> [Available records]
*** Begin section ***

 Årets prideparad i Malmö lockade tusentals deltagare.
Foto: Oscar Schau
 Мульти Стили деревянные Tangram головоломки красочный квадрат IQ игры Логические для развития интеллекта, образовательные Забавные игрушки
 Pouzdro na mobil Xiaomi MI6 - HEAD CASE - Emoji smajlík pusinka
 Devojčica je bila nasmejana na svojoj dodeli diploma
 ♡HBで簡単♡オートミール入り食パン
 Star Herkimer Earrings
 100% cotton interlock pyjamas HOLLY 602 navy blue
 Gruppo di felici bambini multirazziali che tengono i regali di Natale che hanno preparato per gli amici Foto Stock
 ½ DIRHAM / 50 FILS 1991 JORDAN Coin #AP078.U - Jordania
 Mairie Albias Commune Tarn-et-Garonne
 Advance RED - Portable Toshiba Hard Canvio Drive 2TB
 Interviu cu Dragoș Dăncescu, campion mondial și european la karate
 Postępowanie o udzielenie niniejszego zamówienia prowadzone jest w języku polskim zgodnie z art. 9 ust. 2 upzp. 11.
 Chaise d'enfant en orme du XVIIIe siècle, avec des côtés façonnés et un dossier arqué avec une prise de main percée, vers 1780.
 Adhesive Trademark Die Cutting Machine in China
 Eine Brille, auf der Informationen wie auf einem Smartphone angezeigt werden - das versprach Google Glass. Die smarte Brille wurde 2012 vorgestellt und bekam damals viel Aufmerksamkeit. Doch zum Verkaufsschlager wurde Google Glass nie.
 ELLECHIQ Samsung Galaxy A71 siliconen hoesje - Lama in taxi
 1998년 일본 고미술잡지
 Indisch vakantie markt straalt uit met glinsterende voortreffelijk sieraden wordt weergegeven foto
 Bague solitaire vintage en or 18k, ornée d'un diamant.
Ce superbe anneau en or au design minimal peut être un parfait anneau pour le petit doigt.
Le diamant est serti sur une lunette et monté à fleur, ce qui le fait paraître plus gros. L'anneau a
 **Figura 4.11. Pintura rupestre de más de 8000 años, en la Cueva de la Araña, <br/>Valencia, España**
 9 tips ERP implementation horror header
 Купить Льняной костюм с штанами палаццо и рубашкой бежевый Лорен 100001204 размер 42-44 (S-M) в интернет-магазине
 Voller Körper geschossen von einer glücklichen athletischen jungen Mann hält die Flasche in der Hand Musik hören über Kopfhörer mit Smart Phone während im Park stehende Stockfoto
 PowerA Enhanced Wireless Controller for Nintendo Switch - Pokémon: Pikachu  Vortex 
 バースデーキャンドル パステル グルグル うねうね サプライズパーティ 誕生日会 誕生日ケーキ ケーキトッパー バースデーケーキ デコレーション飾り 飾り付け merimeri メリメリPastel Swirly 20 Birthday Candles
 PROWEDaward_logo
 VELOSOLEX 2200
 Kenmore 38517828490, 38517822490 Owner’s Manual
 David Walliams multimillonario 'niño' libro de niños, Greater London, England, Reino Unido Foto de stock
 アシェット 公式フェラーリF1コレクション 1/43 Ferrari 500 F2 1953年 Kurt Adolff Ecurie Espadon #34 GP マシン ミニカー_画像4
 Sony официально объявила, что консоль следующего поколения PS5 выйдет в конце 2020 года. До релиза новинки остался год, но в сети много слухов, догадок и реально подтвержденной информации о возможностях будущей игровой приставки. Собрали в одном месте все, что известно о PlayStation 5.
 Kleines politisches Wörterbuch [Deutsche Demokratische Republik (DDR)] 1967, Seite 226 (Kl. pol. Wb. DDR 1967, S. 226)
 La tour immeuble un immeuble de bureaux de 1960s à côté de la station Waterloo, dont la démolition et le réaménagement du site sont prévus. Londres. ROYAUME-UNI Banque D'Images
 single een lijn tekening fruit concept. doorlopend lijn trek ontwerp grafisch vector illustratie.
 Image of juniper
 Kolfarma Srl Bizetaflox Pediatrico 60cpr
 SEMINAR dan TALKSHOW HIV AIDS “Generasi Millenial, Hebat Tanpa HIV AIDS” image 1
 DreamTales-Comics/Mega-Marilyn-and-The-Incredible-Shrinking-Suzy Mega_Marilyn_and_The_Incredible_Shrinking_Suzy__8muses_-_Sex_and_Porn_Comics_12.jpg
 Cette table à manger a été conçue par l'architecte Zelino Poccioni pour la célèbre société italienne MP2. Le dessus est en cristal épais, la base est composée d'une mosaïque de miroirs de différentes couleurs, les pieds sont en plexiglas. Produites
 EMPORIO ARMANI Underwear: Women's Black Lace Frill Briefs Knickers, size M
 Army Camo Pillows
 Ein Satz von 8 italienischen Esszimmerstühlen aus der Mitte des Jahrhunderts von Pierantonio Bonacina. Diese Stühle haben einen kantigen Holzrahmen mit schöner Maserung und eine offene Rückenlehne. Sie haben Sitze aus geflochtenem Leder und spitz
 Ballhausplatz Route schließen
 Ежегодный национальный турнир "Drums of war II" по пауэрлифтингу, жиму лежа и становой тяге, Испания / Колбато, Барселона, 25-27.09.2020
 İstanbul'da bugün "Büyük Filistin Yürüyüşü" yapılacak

*** End section ***

> [Task description] Only the lines from the one containing "Army Camo Pillows" through the end of the listing should be copied, and they should be copied exactly.

> [Response area]
 Army Camo Pillows
 Ein Satz von 8 italienischen Esszimmerstühlen aus der Mitte des Jahrhunderts von Pierantonio Bonacina. Diese Stühle haben einen kantigen Holzrahmen mit schöner Maserung und eine offene Rückenlehne. Sie haben Sitze aus geflochtenem Leder und spitz
 Ballhausplatz Route schließen
 Ежегодный национальный турнир "Drums of war II" по пауэрлифтингу, жиму лежа и становой тяге, Испания / Колбато, Барселона, 25-27.09.2020
 İstanbul'da bugün "Büyük Filistin Yürüyüşü" yapılacak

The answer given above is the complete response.